Output after training:

Predictions:
  Input: [0.0, 0.0] → Raw: 0.0312 → Class: 0  ✓
  Input: [0.0, 1.0] → Raw: 0.9687 → Class: 1  ✓
  Input: [1.0, 0.0] → Raw: 0.9701 → Class: 1  ✓
  Input: [1.0, 1.0] → Raw: 0.0289 → Class: 0  ✓

The network correctly learned XOR, a non-linearly separable function that a single linear model cannot solve.

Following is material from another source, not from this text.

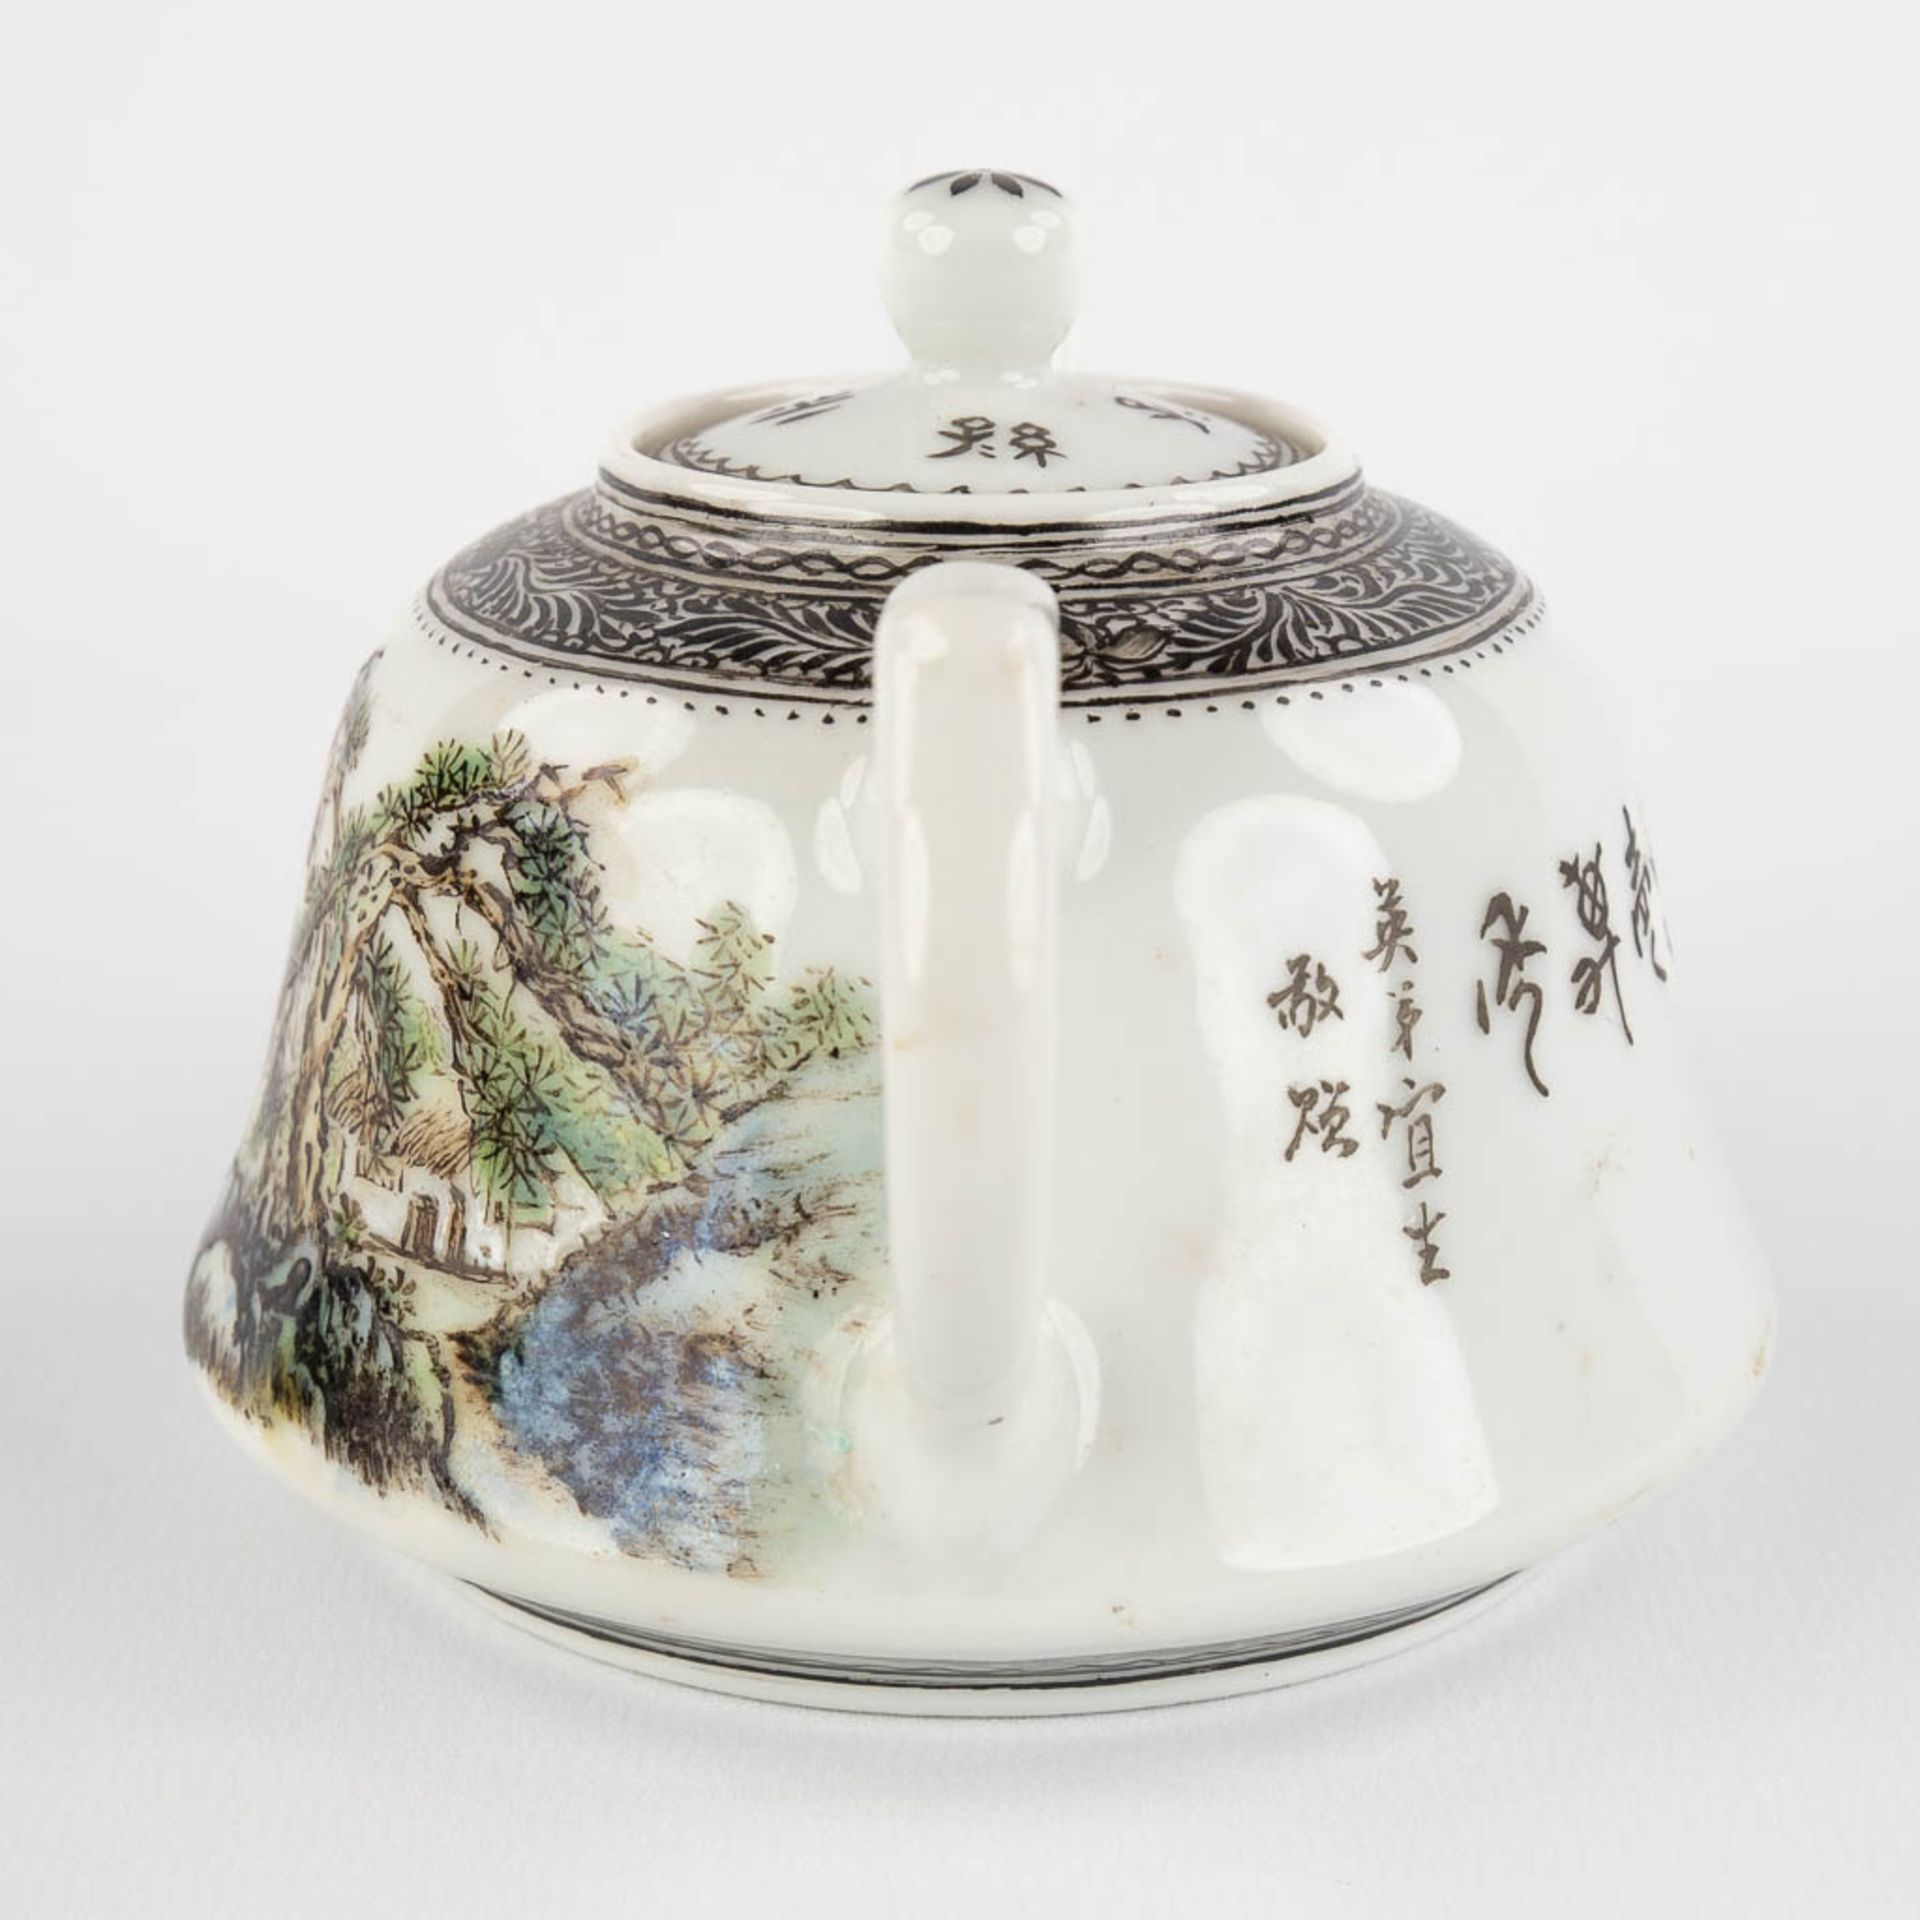 A Chinese teapot with landscape decor, 20th C. (D:11 x W:15 x H:9 cm) - Image 6 of 14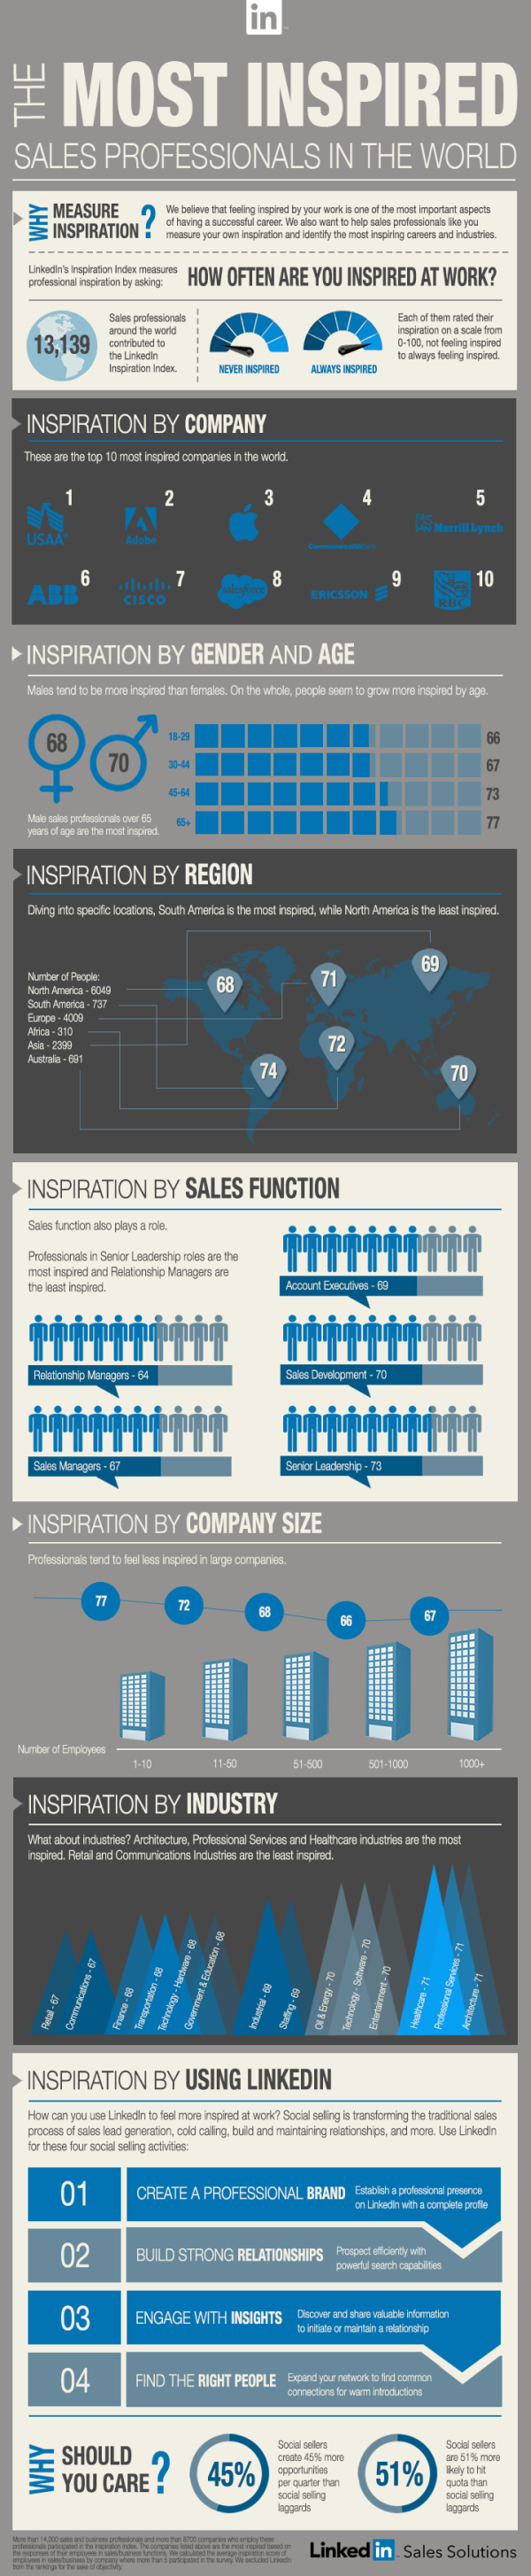 Infographic Inspiration From The Best Brands In Content Marketing image linkedin sales infographic 600x2910.png

The Mental Model for Engineers

If you think of a neural network as software, here’s the mapping:

Neural Network Concept Software Analogy
Weights & biases Tunable configuration parameters
Forward pass Function call with return value
Loss function Test suite that measures prediction quality
Backpropagation Automated differentiation of the error signal
Gradient descent Parameter update loop that minimizes loss
Training The build/compile step that produces a trained model
Inference Running the compiled artifact on new inputs

The fundamental difference from traditional software: you don’t write the logic. You define the architecture (the function shape) and the objective (the loss function), then let the optimization process find the logic through exposure to data.


What This Unlocks

Once you have this foundation, the rest of the AI landscape becomes navigable:

  • Convolutional Neural Networks (CNNs): the same architecture with specialized layers for spatial data (images)
  • Transformers: the architecture behind LLMs, using attention mechanisms to handle sequences
  • Embeddings: compressed numerical representations that capture semantic meaning, enabling similarity search
  • Fine-tuning: taking a pre-trained model and continuing training on your specific domain data

Each of these is an extension of the same core ideas: parameters, forward pass, loss, backpropagation, optimization.

The field moves fast, but the fundamentals are stable. Start here, and everything else builds naturally.